Heading back to square one

The most bewildering new job can be the old one — that front-office welcome desk or highway hamburger stand you swore you’d never circle back to.

Tough times have a way of kicking ambitious young upstarts back to an entry-level job at Square One, Inc. What quicker way to nab rent or relearn the tedium of a past existence?

Still, though career counselors concede how that deja vu can be disorienting, it need not be devastating.

“When you go back to a previously held job, you can feel stuck, like, ‘I can’t seem to get out of here,’” New York City-based career coach Barbara Frankel says. “But you have to put your feelings aside.”

Start by emotionally investing yourself in the all-too-familiar drab right from the second day one.

“Rather than saying to yourself, ‘I’m better than this,’ have pride in a job well done,” Sirius Radio’s “Making a Living” host Maggie Maggie Mistal offers. “You get something from it, even if the job itself doesn’t have much status in it.”

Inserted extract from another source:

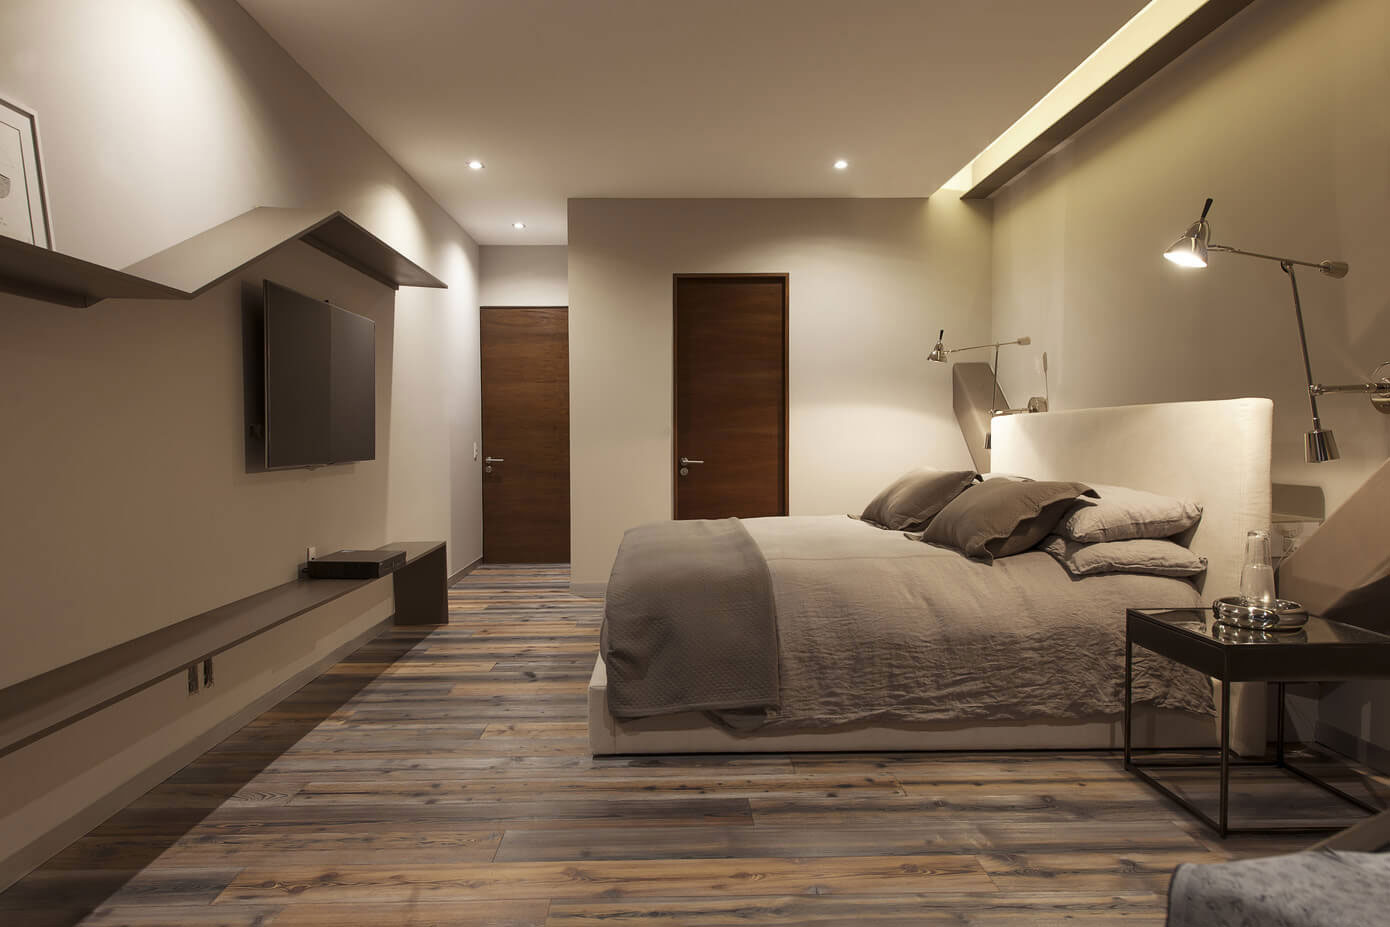 Contemporary CM Apartment in Mexico City by Kababie Arquitectos-09
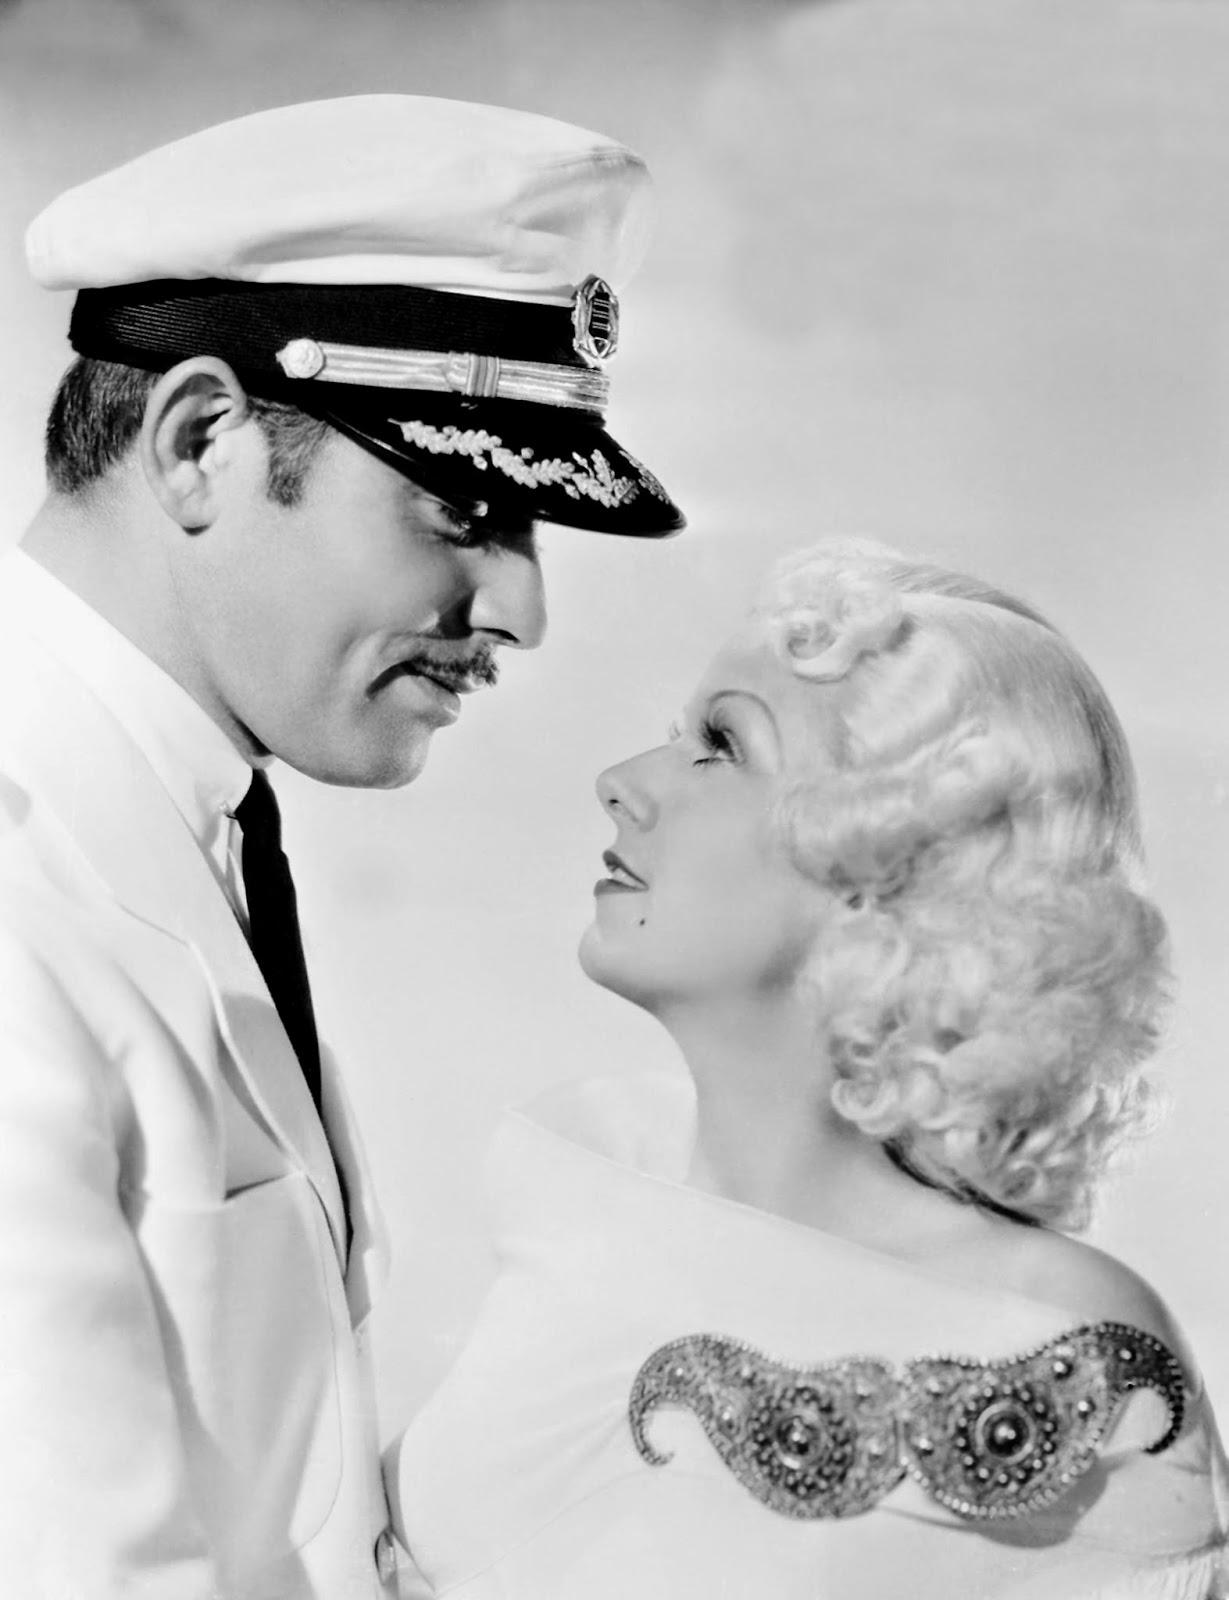 Back to Golden Days: Golden Couples: Clark Gable & Jean Harlow

But, settling into a pre-worn desk chair doesn’t mean settling for it. If you don’t rethink your choices, you could trap yourself in a career loop.

“You have to know what your end goal is,” Frankel emphasizes.

Once you’ve set some ambitions down, go for it — even if that requires moonlighting interning or studying on precious off hours.

“Stay career-relevant by taking classes, networking and continuing to job-search in your field,” Mistal encourages. “You might also want to start a side business that does showcase your expertise.”

For strivers who are re-rehearsing rote motions from a drab past life, there’s no side hustle quite like freelancing, she says.

“Having freelance work on your résumé will look better than a backwards career move,” she says.